Using the data below, set down every line from the one containing "8 reasons why" through the one containing "The Prince of", inclusive and unchanged. Pictures are to be skipped.

> **Entries provided**
+++++
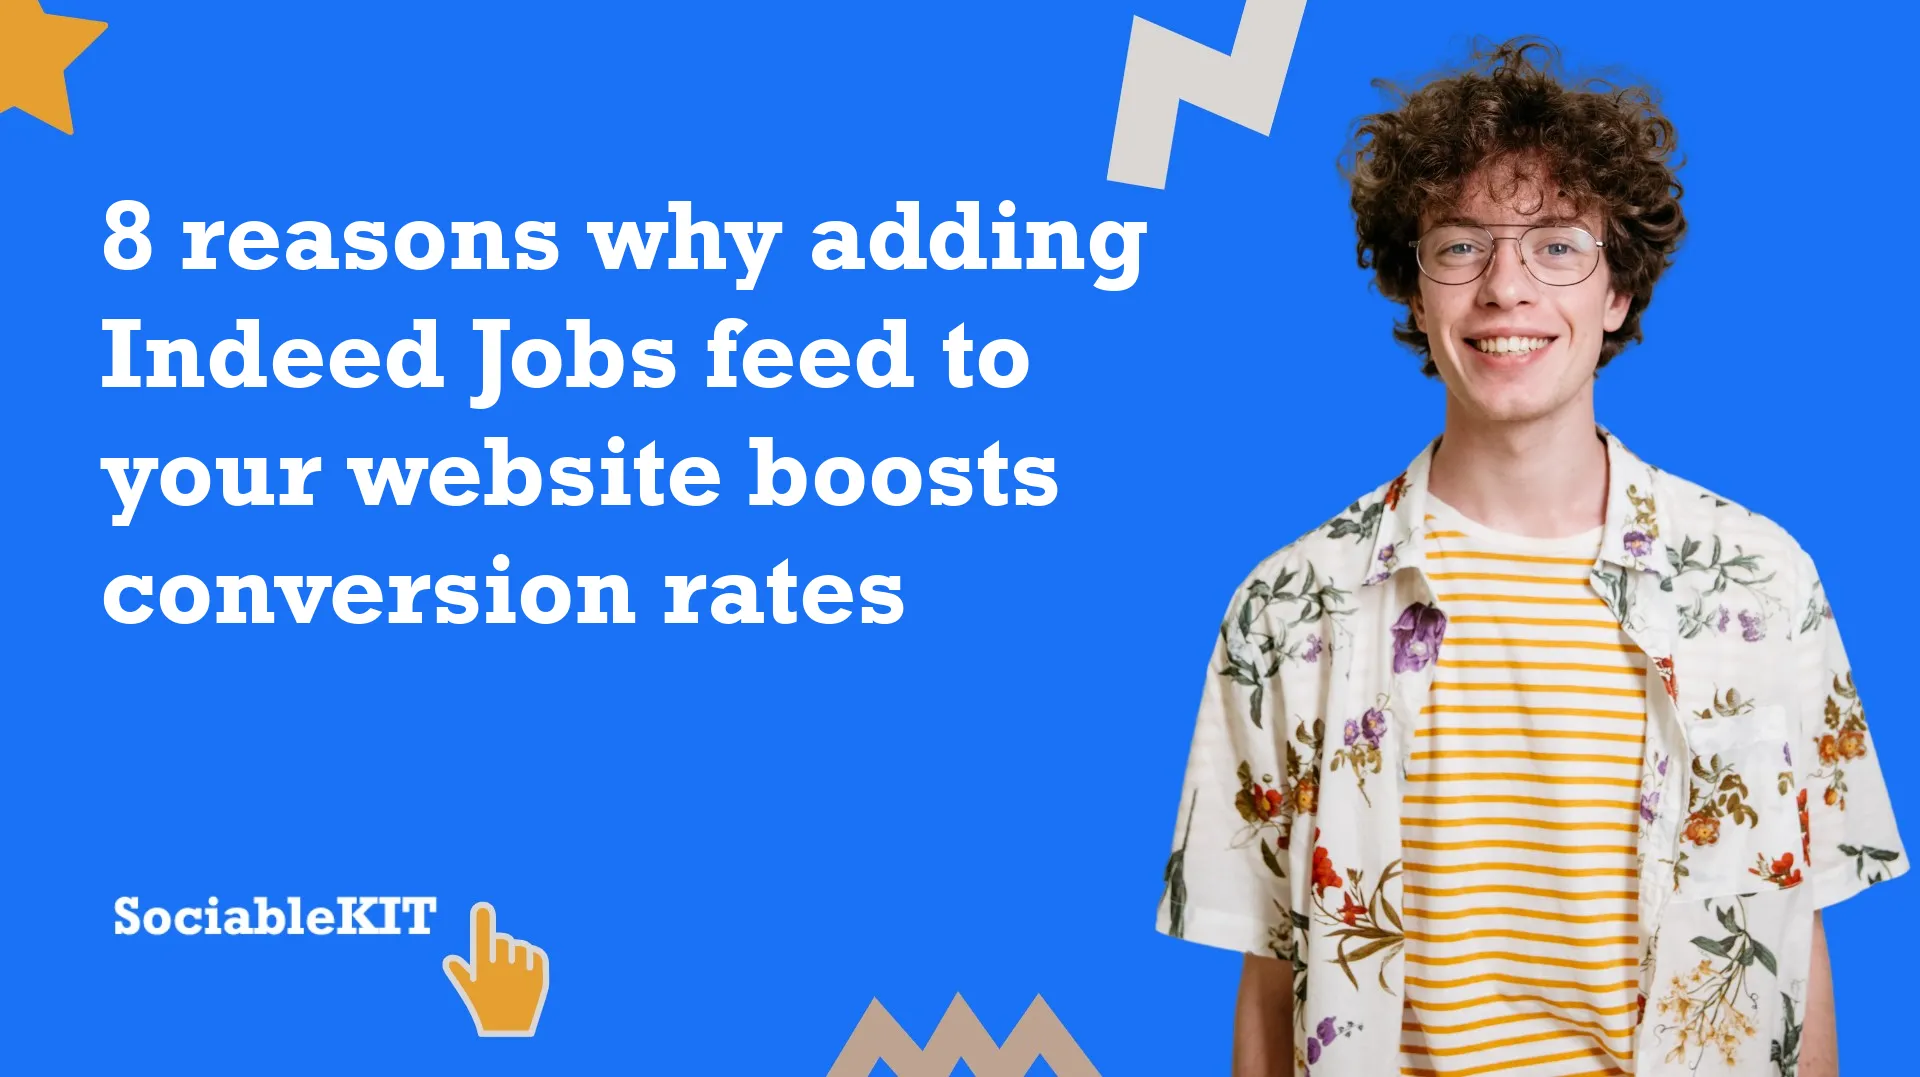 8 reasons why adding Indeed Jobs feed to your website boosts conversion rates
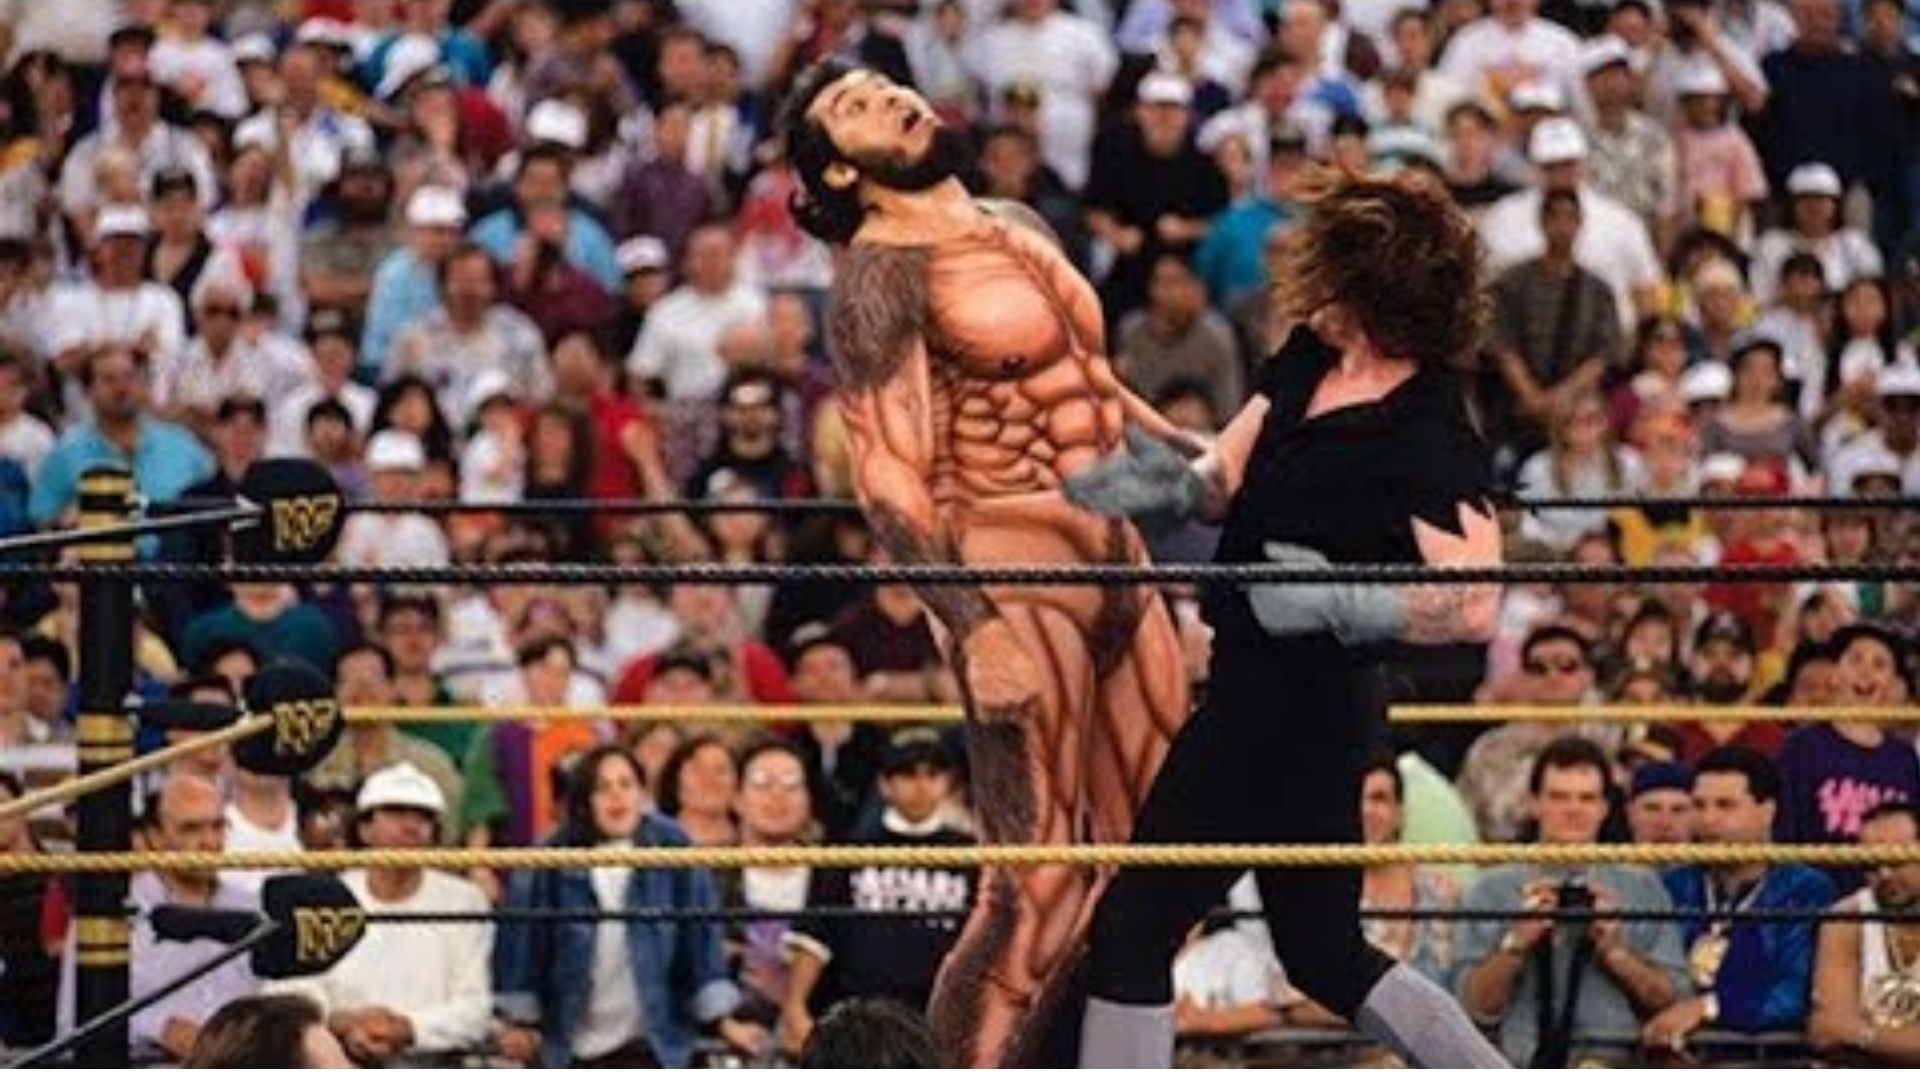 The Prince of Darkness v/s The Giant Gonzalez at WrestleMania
+++++
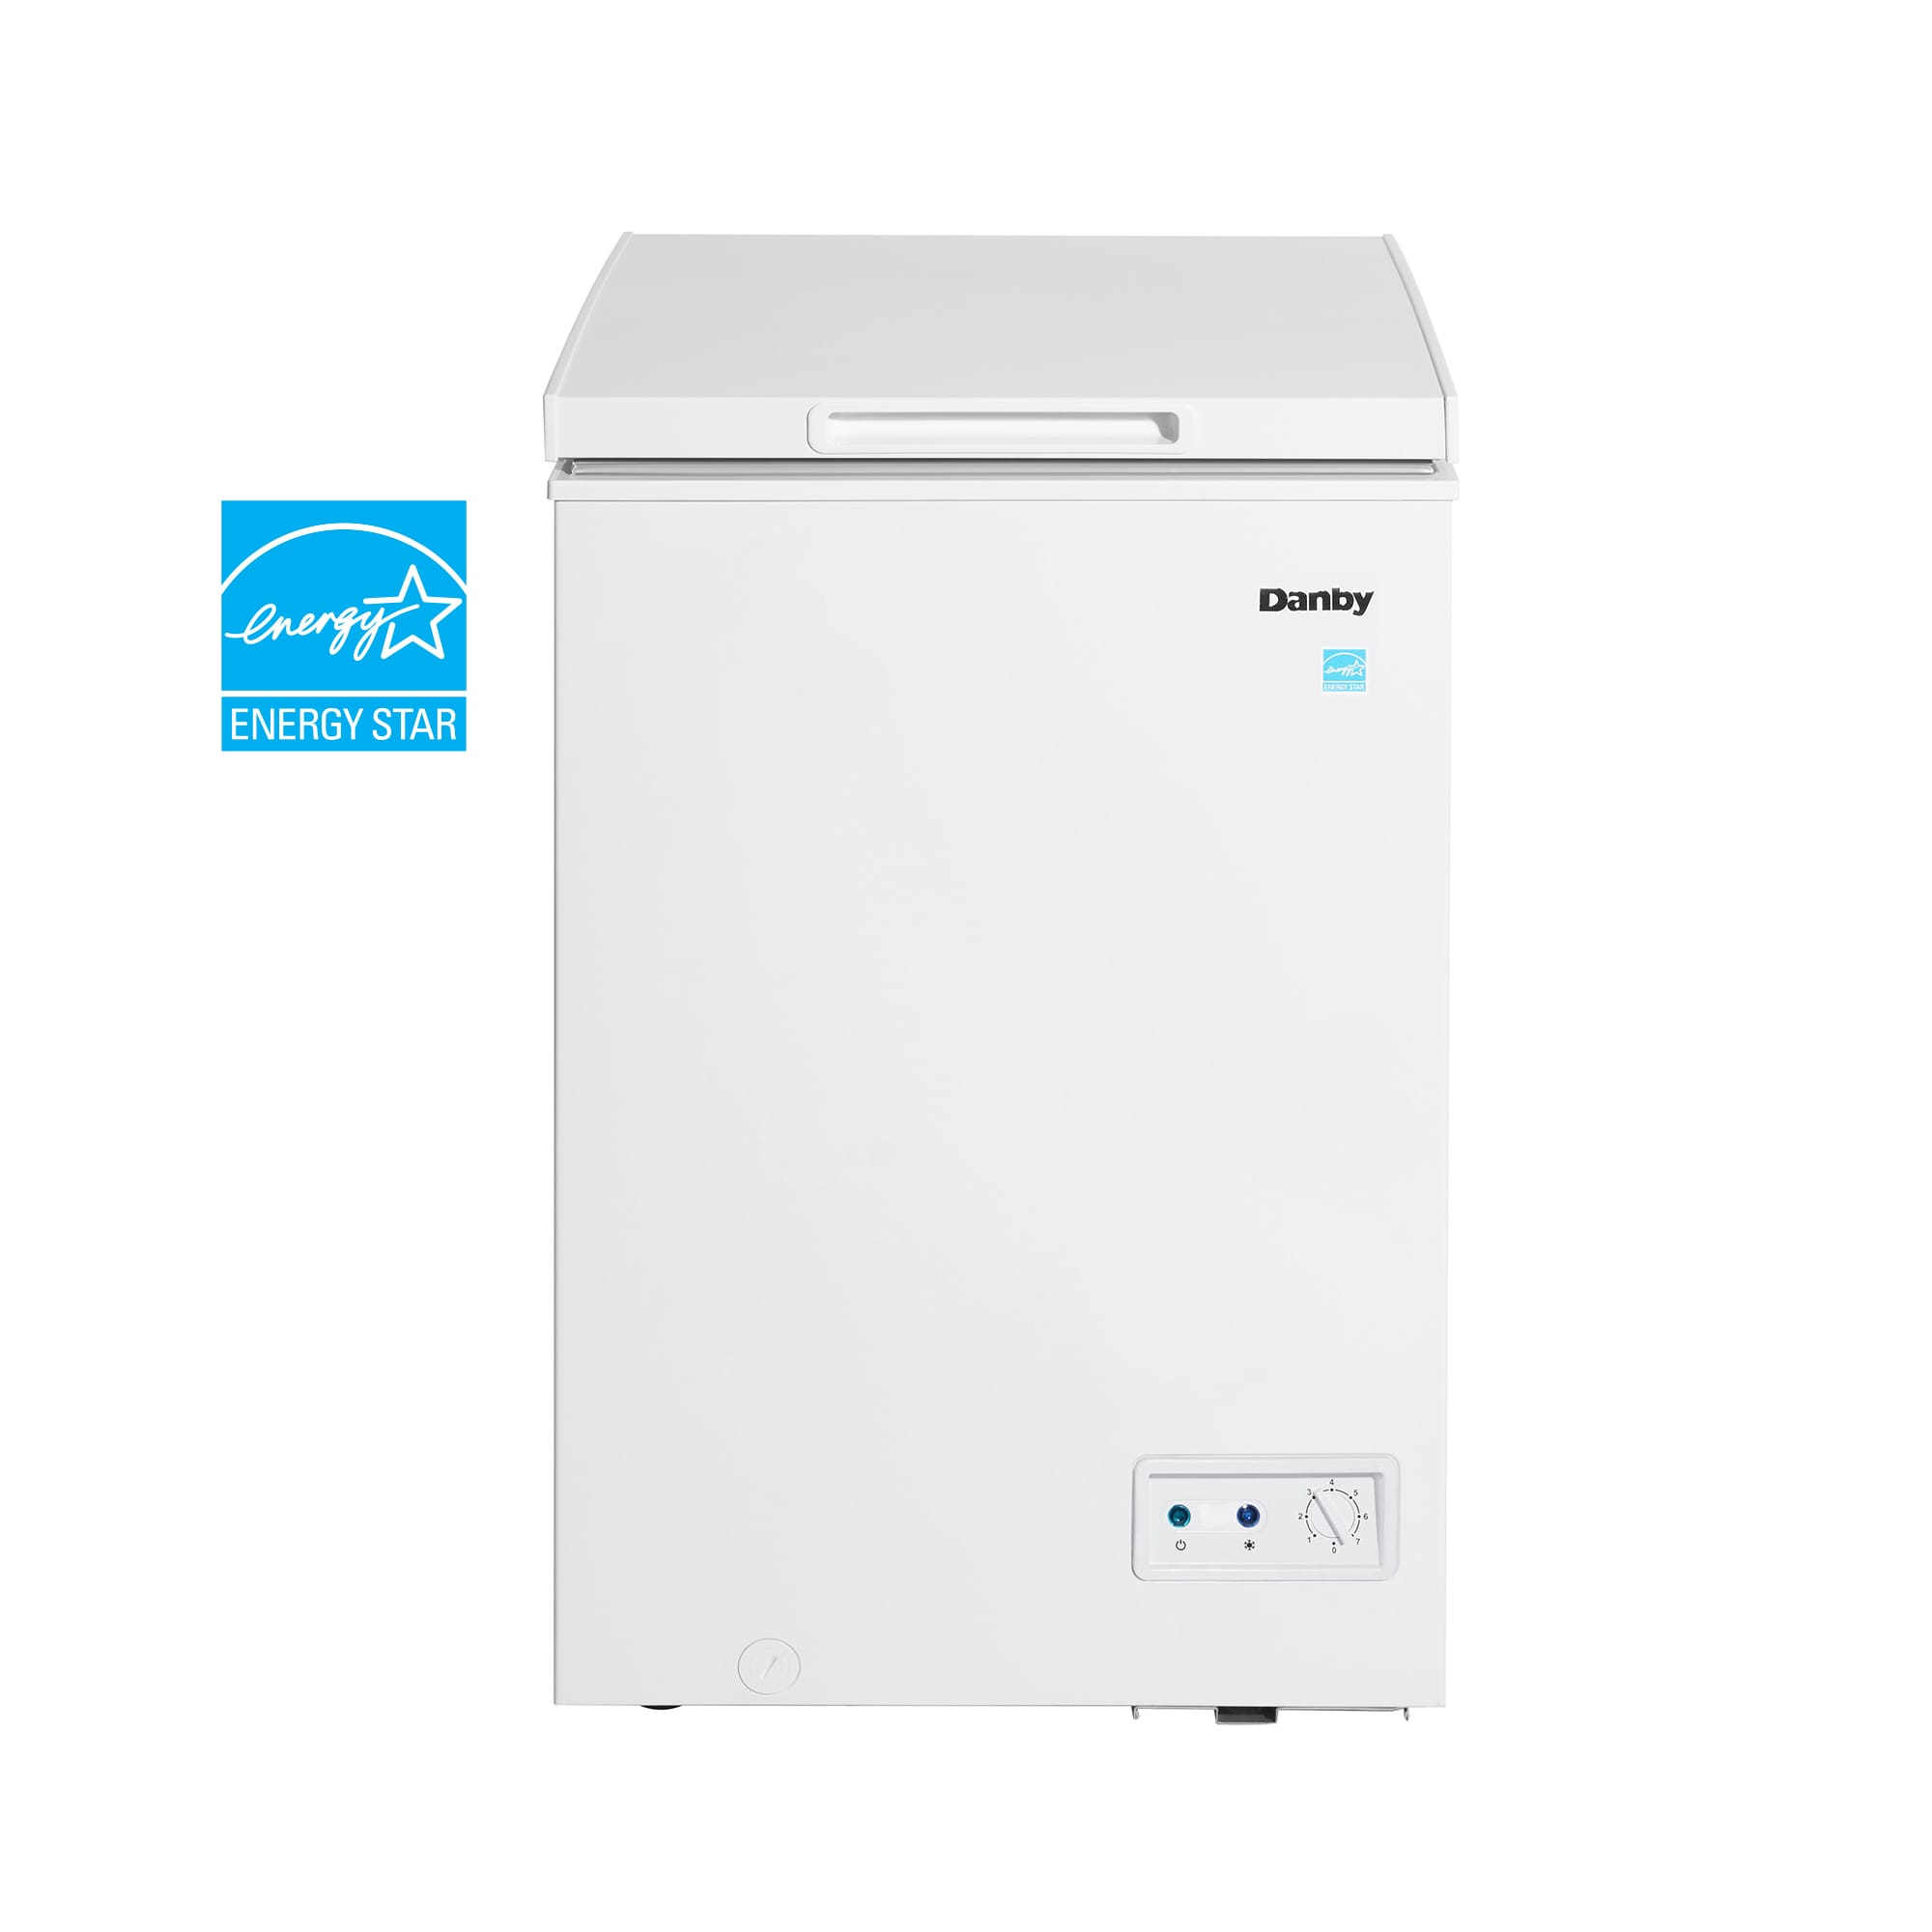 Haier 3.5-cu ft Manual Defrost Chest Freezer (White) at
+++++
> **Written answer**
 8 reasons why adding Indeed Jobs feed to your website boosts conversion rates
 The Prince of Darkness v/s The Giant Gonzalez at WrestleMania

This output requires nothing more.